PRIME ASG : L’ADMINISTRATION RÉPOND… SANS RÉPONDRE

Le 4 février dernier, l’UNSA CASVP publiait « FORMATION ASG : OUVERTE À TOUS… MAIS PRIME SOUS CONDITION ». En EHPAD, tout le monde le sait : les compétences ASG (assistant·e de soins en gérontologie) ne servent pas « dans un service ». Elles servent auprès des résidents, au quotidien — en UHR, en PASA, mais aussi en UVP et en unité dite « classique ». Et même lorsque la prime est prévue en UHR/PASA, le versement au prorata lors des remplacements est régulièrement… oublié.

Dans la continuité, l’UNSA a écrit à la direction de la DSOL pour demander une règle claire et cohérente :

  • une prime ASG pour toutes et tous les agents formés, dès lors que ces compétences sont utilisées ;
  • le versement systématique du prorata lors des remplacements, avec régularisation quand il a été omis.

Ce que répond l’administration (mars 2026)

L’administration nous indique :

  • que l’extension de la prime ASG « n’est pas prévue dans la réglementation à ce jour » ;
  • qu’une note de service a été transmise (à nouveau) aux SLRH pour rappeler les conditions de versement ;
  • et qu’elle reste disponible pour examiner des situations individuelles en cas d’omission.

Ce qui pose problème

Ces réponses ont le mérite d’exister, mais elles restent incomplètes et, pour les agents, peu satisfaisantes.

Elles ne disent pas :

  • si la DSOL compte porter une évolution du dispositif (arbitrage, demande d’adaptation, calendrier),
  • comment seront évités les « oublis » de prorata (contrôle, automatisation, suivi paie),
  • ni quelle est la procédure de régularisation (qui saisir, avec quels éléments, sous quels délais).

Autrement dit : on renvoie encore au cas par cas, alors que le problème est répétitif et qu’il mérite une réponse structurée.

Et, malheureusement, l’UNSA constate que ce type de réponse — rappel du cadre, renvoi aux notes et aux situations individuelles, sans méthode ni engagement — revient trop souvent sur des sujets pourtant très concrets.

Une note de service ne remplace ni une règle claire, ni un versement fiable.

La position de l’UNSA CASVP

Les compétences ASG sont mobilisées bien au-delà de l’UHR et du PASA. La reconnaissance ne peut pas dépendre d’une étiquette de service — ni devenir aléatoire quand le prorata « passe à la trappe ». L’UNSA CASVP demande une procédure claire et des garanties concrètes.

Par ailleurs, l’administration sollicite régulièrement les organisations syndicales sur l’attractivité des métiers.
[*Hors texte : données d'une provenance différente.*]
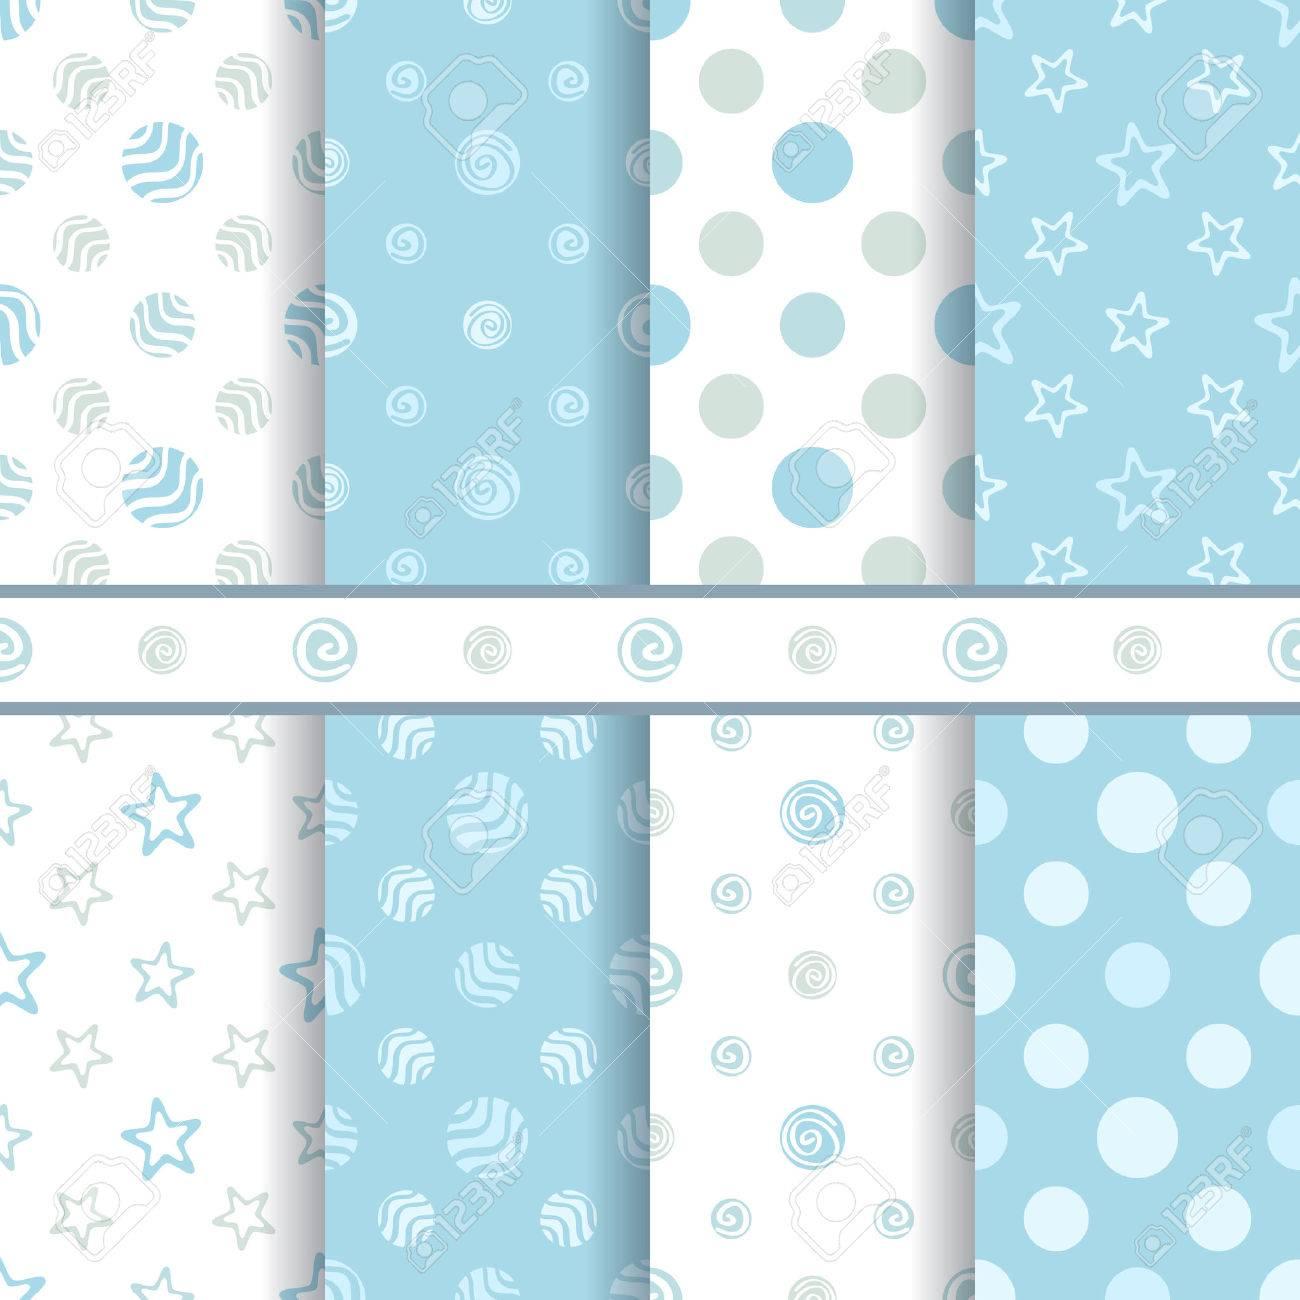 f68d4e305fa7 Cute Baby Vector Patterns Set - Seamless Boy Blue Texture Royalty ...
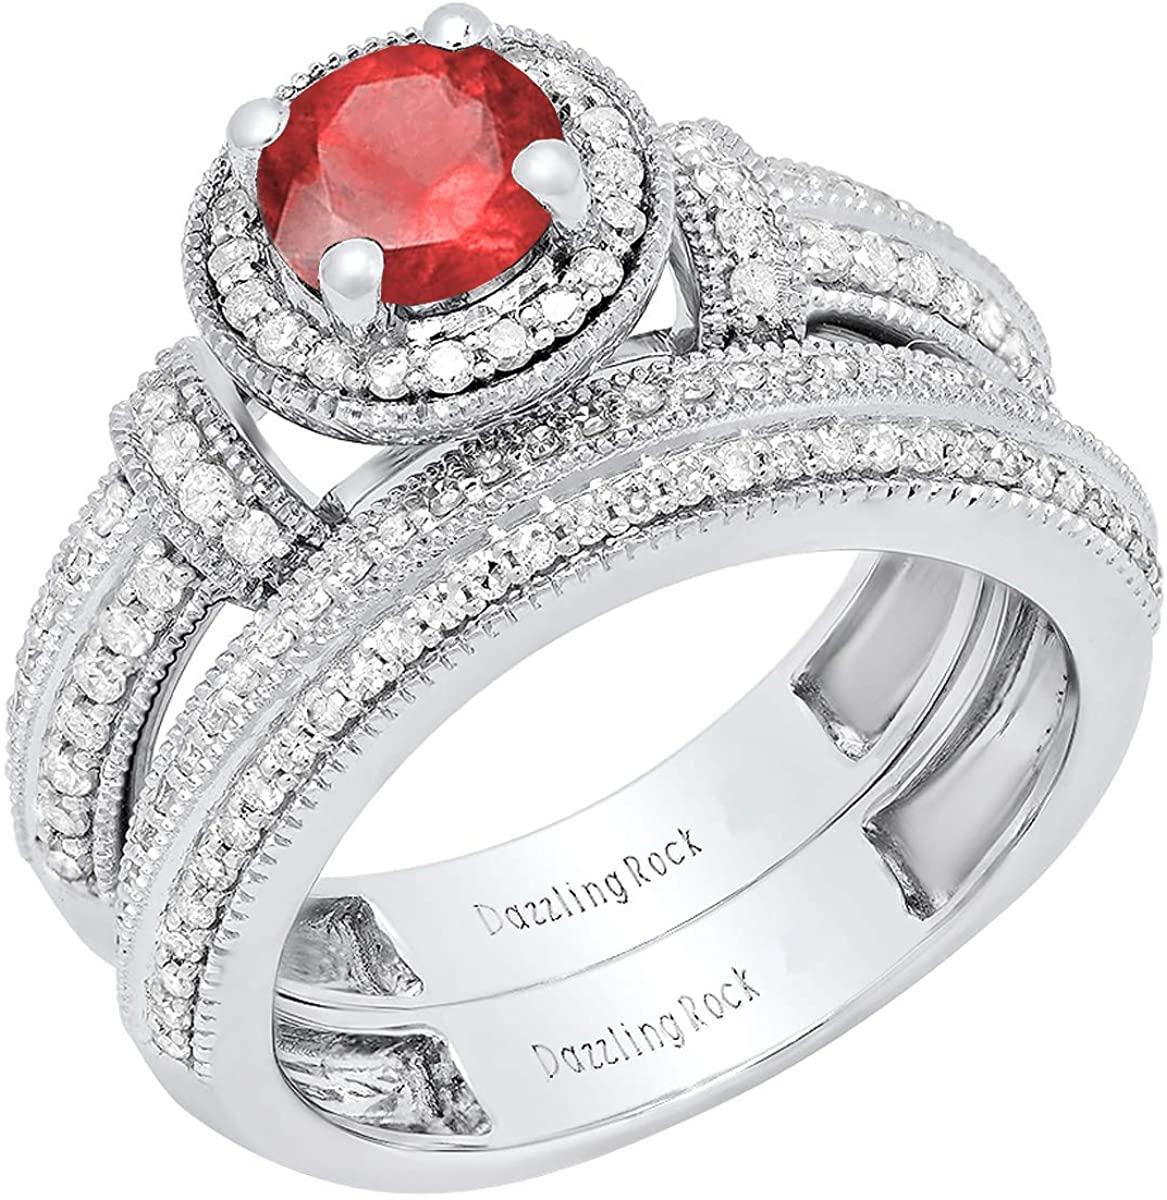 Dazzlingrock Collection 14K 6 MM Round Gemstone & White Diamond Ladies Engagement Bridal Band Ring Set, White Gold

Pour l’UNSA, la prime ASG répond précisément à cet enjeu : reconnaître une qualification, sécuriser son versement, encourager la montée en compétences.

Sur un sujet aussi basique que le versement d’une prime et de son prorata, la DSOL se contente, pour l’instant, d’un rappel général et d’un renvoi aux situations individuelles. C’est léger.

Quand des « oublis » se répètent, ce n’est plus un incident : c’est un problème de sécurisation. Et répondre « réglementation », sans perspective, sans arbitrage, sans calendrier, c’est laisser le sujet au point mort.

L’UNSA CASVP demande que ce dossier soit traité avec le sérieux qu’il mérite : une réponse écrite complète (y compris sur l’évolution possible du dispositif), une procédure formalisée de régularisation, et des garanties fiables de versement — pour que les agents n’aient pas à courir après ce qui leur est dû. L’UNSA CASVP fera le suivi de ce dossier et continuera à faire remonter les situations signalées par les agents.